Jamás había sentido tanta paz anteriormente, era como si la Madre de Dios con ello quisiese demostrarle la felicidad celestial que todavía era posible en la tierra. En cada acontecimiento, grande o pequeño, adivinaba Su voluntad y Su gracia infinita. Su padre estaba recuperando todos sus sentidos y pronto estaría caminando de nuevo.
Ibrahim y Yussuf habían trasladado al señor Magnus a la gran cámara de la torre en cuanto ésta estuvo limpia como una mezquita, y con la ayuda de unos esclavos habían construido un puente con dos barandillas en el que el enfermo podía deslizarse apoyándose en los brazos, lentamente y con gran dificultad al principio, pero cada día podía verse con claridad que pronto caminaría sin apoyo. También había recuperado gran parte de su buen humor y había dicho que seguramente caminaría como un hombre mayor pero, aun así, lo haría sobre sus propias piernas cuando llegase el tiempo del enlace. Todavía duraría unas semanas más el tiempo prohibido para las bodas, y hasta entonces mantendría en secreto su bendición para que la fuerza del arte medicinal pudiese ser admirada por todos los asistentes que lo vieran en la boda.
Además hablaba mucho mejor ahora que practicaba todos los días y ya había dejado atrás la desesperación. A lo que al principio tanto le había enojado, mover una piedra entre las manos, ahora le dedicaba tanto empeño que Ibrahim y Yussuf de vez en cuando tenían que detenerlo para que no se esforzase demasiado.
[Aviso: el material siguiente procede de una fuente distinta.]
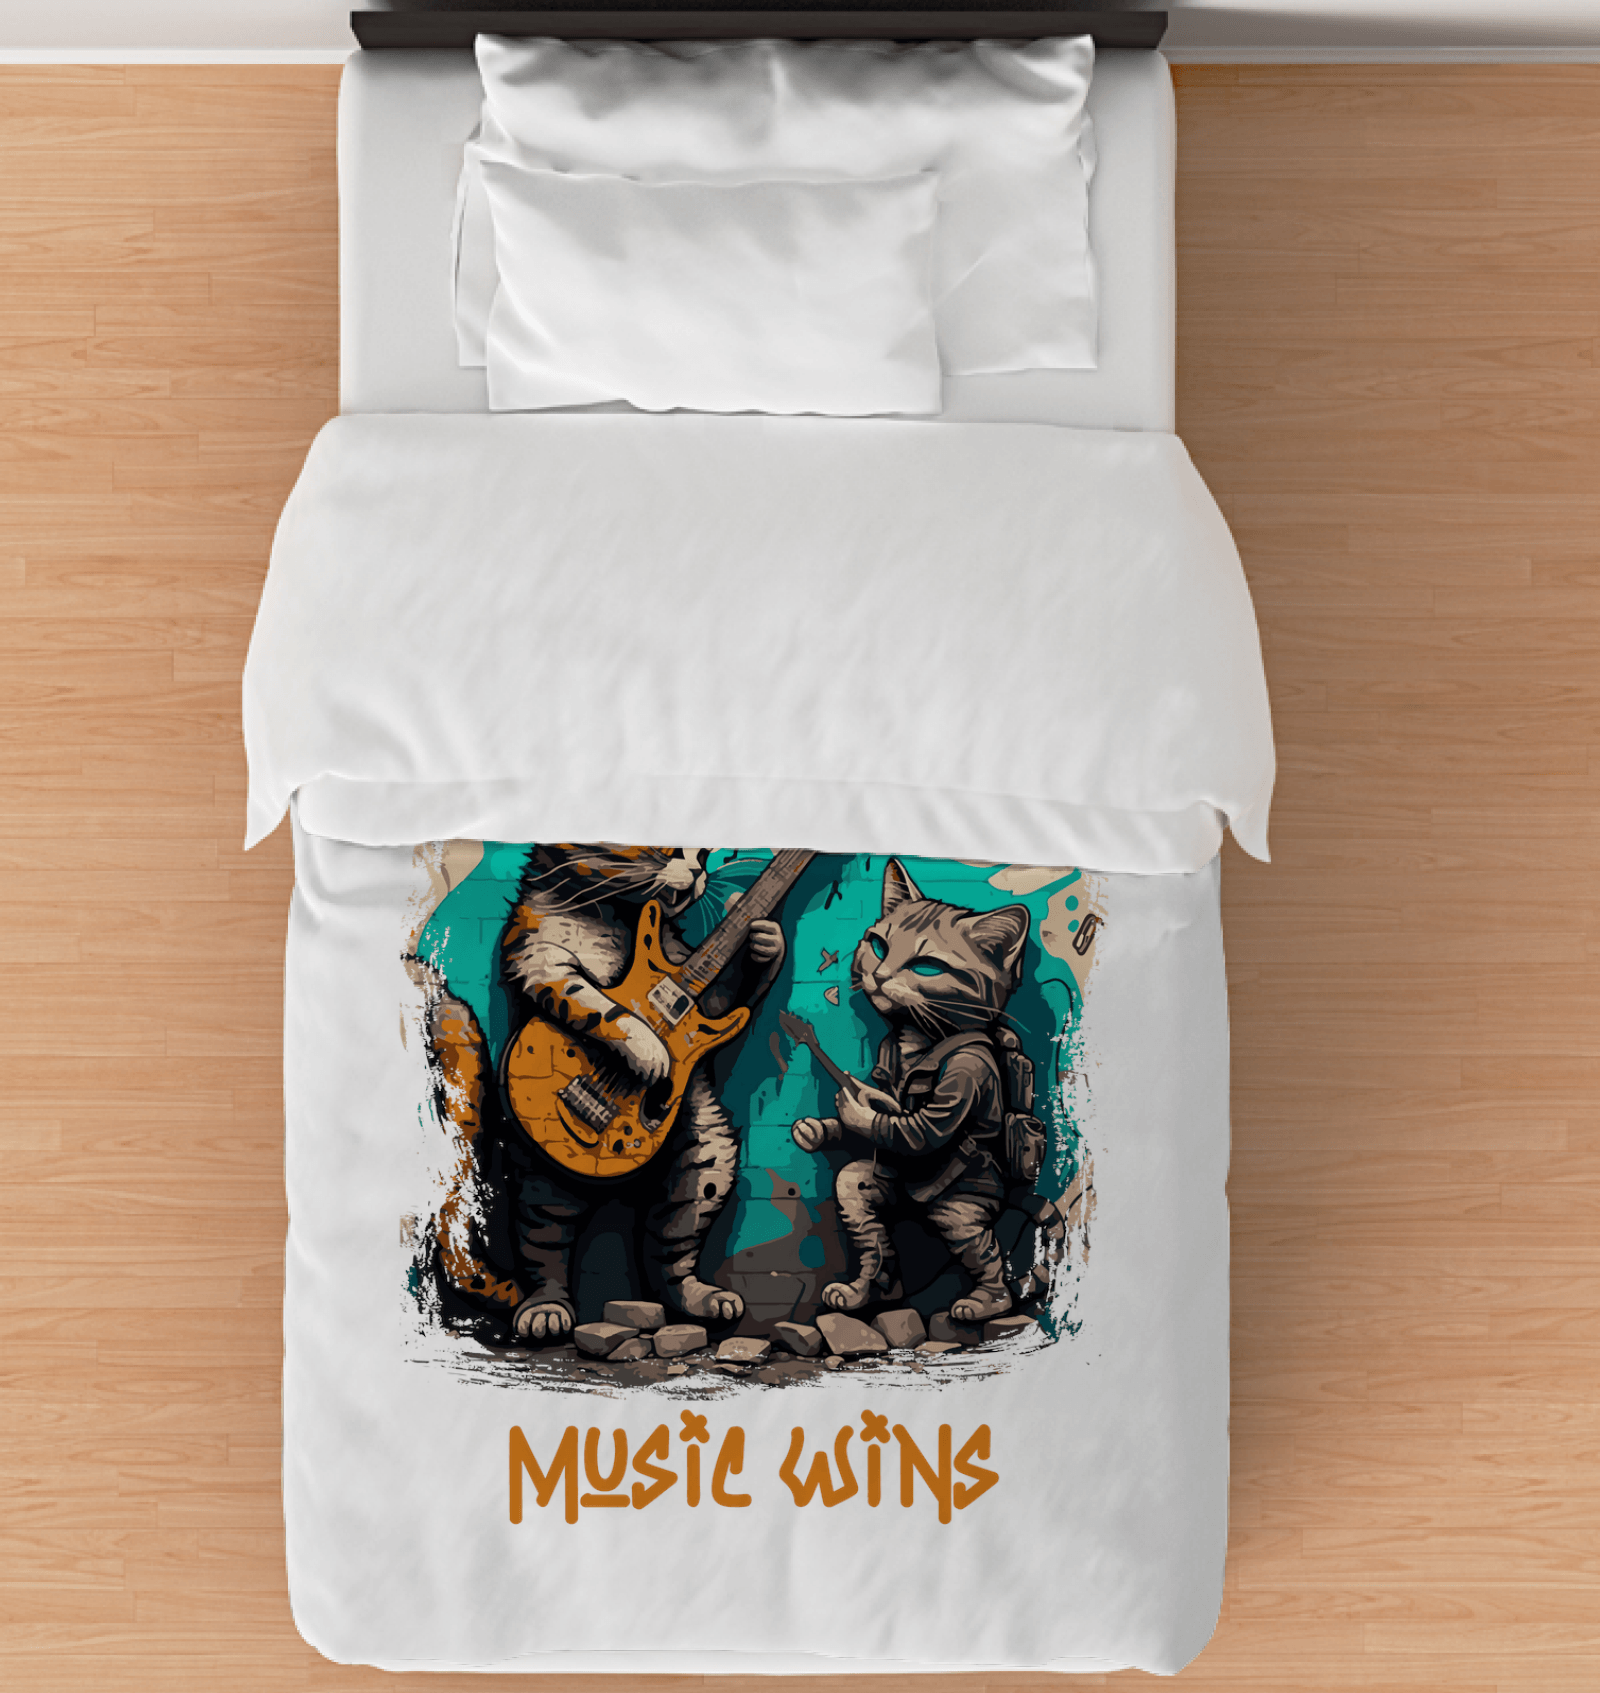 Music Wins Comforter - Twin - Beyond T-shirts

Le había comentado a Arn que era como ver y sentir a la vez cómo la vida volvía al cuerpo y al alma. Pero lo que más alegró a su hijo fue que dijo que entendía que eso no era un milagro, por mucho que lo dijese la gente al volver a verlo con vigor y saludable. Era el resultado de su trabajo, de su propia voluntad y, bueno, de sus oraciones, pero más que nada eran los conocimientos de los dos hombres extranjeros. Eran personas normales, no eran santos ni brujas, aunque llevasen vestimentas extrañas y hablasen un idioma incomprensible.
Finalmente, Arn le contó la verdad a su padre: que esos hombres, Ibrahim y Yussuf, ya que así se pronunciaban sus nombres, eran sarracenos.
El señor Magnus se había quedado callado tanto tiempo al oír esto que Arn se arrepintió de su deseo de decir la verdad. Finalmente, su padre asintió y dijo que lo que realmente hacía mejor la vida eran los buenos conocimientos de cerca o de lejos. Lo había visto con sus propios ojos y lo había sentido con sus propios miembros. Y si la gente de la Iglesia sólo decía maldades sobre esos sarracenos, no importaba nada comparado con lo que decía su propio hijo. Pues ¿quién conocía la verdad? ¿El que era sacerdote en Forsvik u obispo en Aros Oriental o el que había luchado contra los sarracenos durante veinte años?